* **The task**
Restate all of the entries verbatim.

* **Excerpted data**
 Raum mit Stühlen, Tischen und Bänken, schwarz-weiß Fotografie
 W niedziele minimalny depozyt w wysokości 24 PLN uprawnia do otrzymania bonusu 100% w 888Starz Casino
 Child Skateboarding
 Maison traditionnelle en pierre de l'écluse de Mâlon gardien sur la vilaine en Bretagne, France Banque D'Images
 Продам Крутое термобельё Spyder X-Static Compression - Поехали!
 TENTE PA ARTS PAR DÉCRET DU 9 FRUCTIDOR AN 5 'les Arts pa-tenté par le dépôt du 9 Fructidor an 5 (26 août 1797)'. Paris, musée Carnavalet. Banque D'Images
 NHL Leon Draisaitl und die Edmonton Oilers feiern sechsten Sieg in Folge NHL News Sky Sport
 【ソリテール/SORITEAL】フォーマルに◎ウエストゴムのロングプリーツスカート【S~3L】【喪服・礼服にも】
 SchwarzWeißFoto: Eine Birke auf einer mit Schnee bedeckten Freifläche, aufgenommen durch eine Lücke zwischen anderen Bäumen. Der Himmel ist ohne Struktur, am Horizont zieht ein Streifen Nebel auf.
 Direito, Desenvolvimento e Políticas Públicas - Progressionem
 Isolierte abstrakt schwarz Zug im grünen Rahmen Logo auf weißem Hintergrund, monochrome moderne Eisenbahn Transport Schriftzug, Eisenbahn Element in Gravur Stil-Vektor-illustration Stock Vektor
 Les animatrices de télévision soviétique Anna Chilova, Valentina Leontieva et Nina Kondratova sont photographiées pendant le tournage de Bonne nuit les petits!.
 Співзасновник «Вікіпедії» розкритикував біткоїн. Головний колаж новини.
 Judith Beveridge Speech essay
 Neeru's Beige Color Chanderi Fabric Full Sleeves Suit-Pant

* **Written solution**
 Raum mit Stühlen, Tischen und Bänken, schwarz-weiß Fotografie
 W niedziele minimalny depozyt w wysokości 24 PLN uprawnia do otrzymania bonusu 100% w 888Starz Casino
 Child Skateboarding
 Maison traditionnelle en pierre de l'écluse de Mâlon gardien sur la vilaine en Bretagne, France Banque D'Images
 Продам Крутое термобельё Spyder X-Static Compression - Поехали!
 TENTE PA ARTS PAR DÉCRET DU 9 FRUCTIDOR AN 5 'les Arts pa-tenté par le dépôt du 9 Fructidor an 5 (26 août 1797)'. Paris, musée Carnavalet. Banque D'Images
 NHL Leon Draisaitl und die Edmonton Oilers feiern sechsten Sieg in Folge NHL News Sky Sport
 【ソリテール/SORITEAL】フォーマルに◎ウエストゴムのロングプリーツスカート【S~3L】【喪服・礼服にも】
 SchwarzWeißFoto: Eine Birke auf einer mit Schnee bedeckten Freifläche, aufgenommen durch eine Lücke zwischen anderen Bäumen. Der Himmel ist ohne Struktur, am Horizont zieht ein Streifen Nebel auf.
 Direito, Desenvolvimento e Políticas Públicas - Progressionem
 Isolierte abstrakt schwarz Zug im grünen Rahmen Logo auf weißem Hintergrund, monochrome moderne Eisenbahn Transport Schriftzug, Eisenbahn Element in Gravur Stil-Vektor-illustration Stock Vektor
 Les animatrices de télévision soviétique Anna Chilova, Valentina Leontieva et Nina Kondratova sont photographiées pendant le tournage de Bonne nuit les petits!.
 Співзасновник «Вікіпедії» розкритикував біткоїн. Головний колаж новини.
 Judith Beveridge Speech essay
 Neeru's Beige Color Chanderi Fabric Full Sleeves Suit-Pant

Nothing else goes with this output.